Three mysteries mark this holy day:
today the star leads the Magi to the infant Jesus;
today water is changed into wine for the wedding feast;
today Jesus wills to be baptized by John in the river Jordan to bring us salvation.
 
Magnificat Antiphon for Epiphany
 
For all the nations of the earth, for seekers of wisdom and truth.
for the spirit of humility and reverence, for the courage to go where the Spirit leads.

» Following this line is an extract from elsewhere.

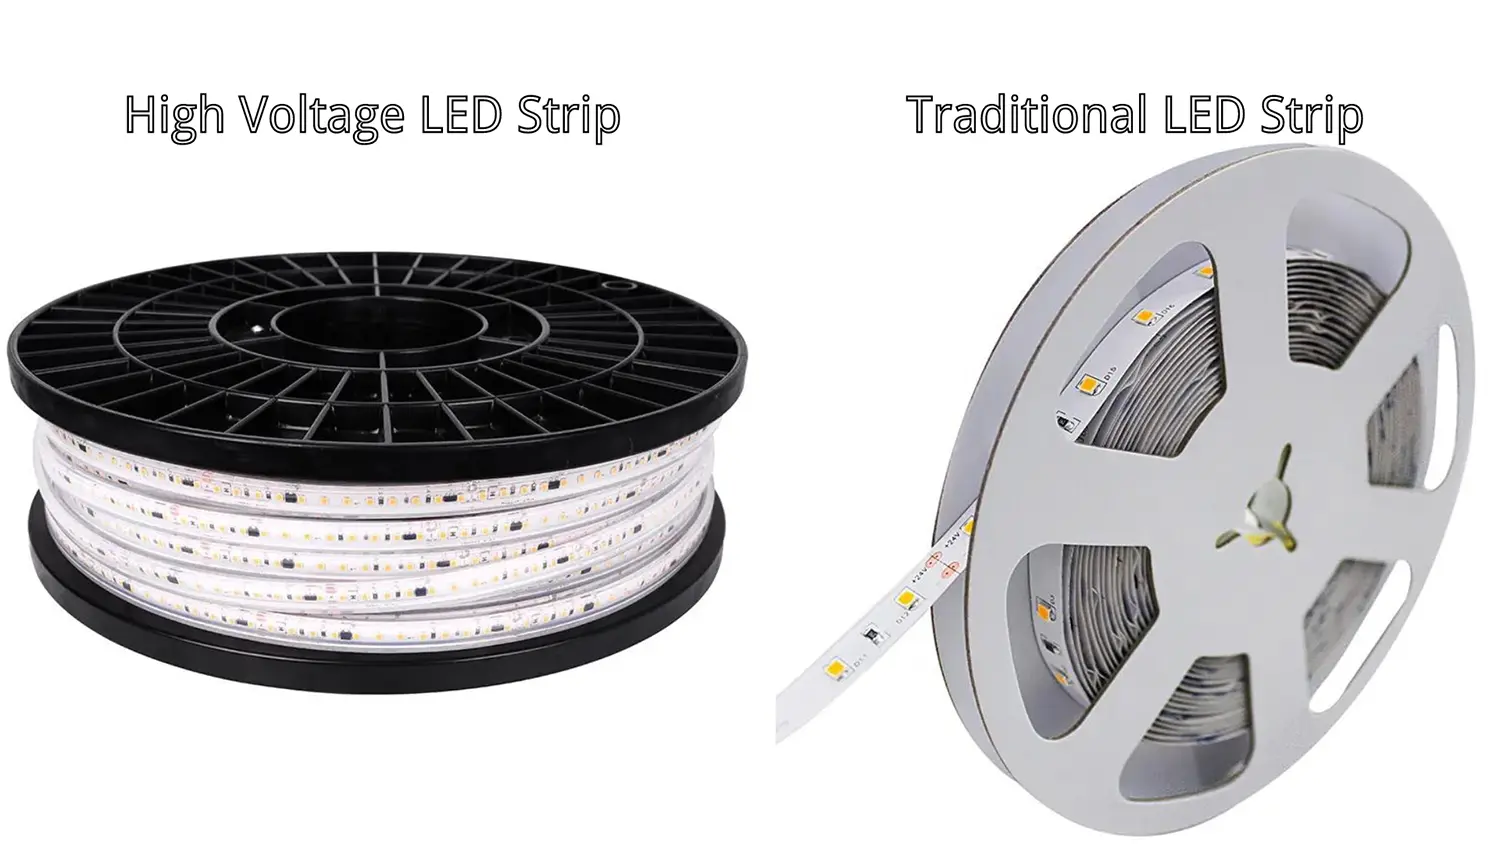 Fita LED de alta tensão versus Fita LED tradicional

for wise companions on the journey, for those who bring offerings to their God,
for mothers who see our sacred worth, for the miracles in our celebrations,
for all the mysteries revealed to us today.
 
Epiphany Prayer/Lutheran Festivals and Commemorations (adapted)
DIES EPIPHANIORUM
Mixed Media Totem Assemblage/2024
Patrick Ellis

Totems are found in all ancient religious traditions. They are generally tall carved abstract figures that tell a sacred story. The figural elements within a totem are often minimalized to include only the physical elements needed for story line of the narrative. Totems seldom exist in isolation. The fullness of their meaning requires a sacred ritual and the skill of a shaman, storyteller, musician, or dancer, to invite them to come alive.
 
Like ancient totems, my work seeks an assembly, storytelling, and ritual action to bring the narrative to life and to allow the same transformative grace of a past event to be made present in the gathered community here and now.  Dies Epiphaniorum reflects the three New Testament stories associated with the Feast of Epiphany: The Wise Men from the East, the Wedding Feast at Cana, and the Baptism of Jesus.
 
The minimalized elements of this totem are three walking crowned figures with eyes that see a star, symbols of death and new life in the waters of the Jordan River, and the wine brought for a feast.  In front of the totem is the seven branched temple menorah represented as the burning bush … epiphanies found in the Hebrew scriptures. The padlocks and the row of skulls reference the spiritual and political decision of the wise men after their encounter with the infant Jesus, and the tragic aftermath of that choice … Herrod’s murder of the holy innocents.  Encounters with the divine often have perilous consequences!
 
The monochrome gray color is intended to suggest a ghost-like, or other worldly presence of the characters in the Epiphany narratives. The color also roots the figures into the liturgical furnishings of the space in an attempt to tie them into the primary symbols of worship ... seating, table, and ambo.
 
The placement of the work in the liturgical space was intentional. All prayers at Thomas Chapel begin around fire.  Generally, this opening ritual occurs at the firepit in the grassy plaza in front of the chapel.  Winter temperatures, inclement weather, high winds, or a local burn-ban can sometimes require the ritual to be moved to the narthex inside where the assembly gathers to light a candle.  While this arrangement works out of necessity, it fails to have a primal ritual power of gathering around a roaring fire.  The intention of the totem Dies Epiphaniorum, as well as the menorah/burning bush, were to better augment a truncated opening rite.
 
The prayers that begin and conclude this reflection were part of this opening rite … along with Isaiah’s proclamation of a year of God’s favor (61: 1-11).
 
Works created for the liturgical environment need to find balance within a complex series of limitations: 1) the work must serve (and not interrupt) the ritual action, 2) the work must hold the weight of the mystery/story it represents, and finally, 3) the artist must fade behind the works and actions of the assembly.
 
So … did Dies Epiphaniorum work in the space?  Probably not!  The brutalist nature of my work is hard to hide … and does not readily fade into the background.  The hard steel and sharp edges demand attention.  With that said, I do believe they come close to holding the weight of the sacred stories it tells … but this totem is maybe better suited for another venue.
 
But it was a noble effort.  Thomas Chapel is intended to be a “kunsthalle” … a place for new or experimental works of the creative imagination.  The work and prayer at Thomas Chapel are a safe place for artists to workshop ideas.  We all learn in the experiment.  Thanks be to God!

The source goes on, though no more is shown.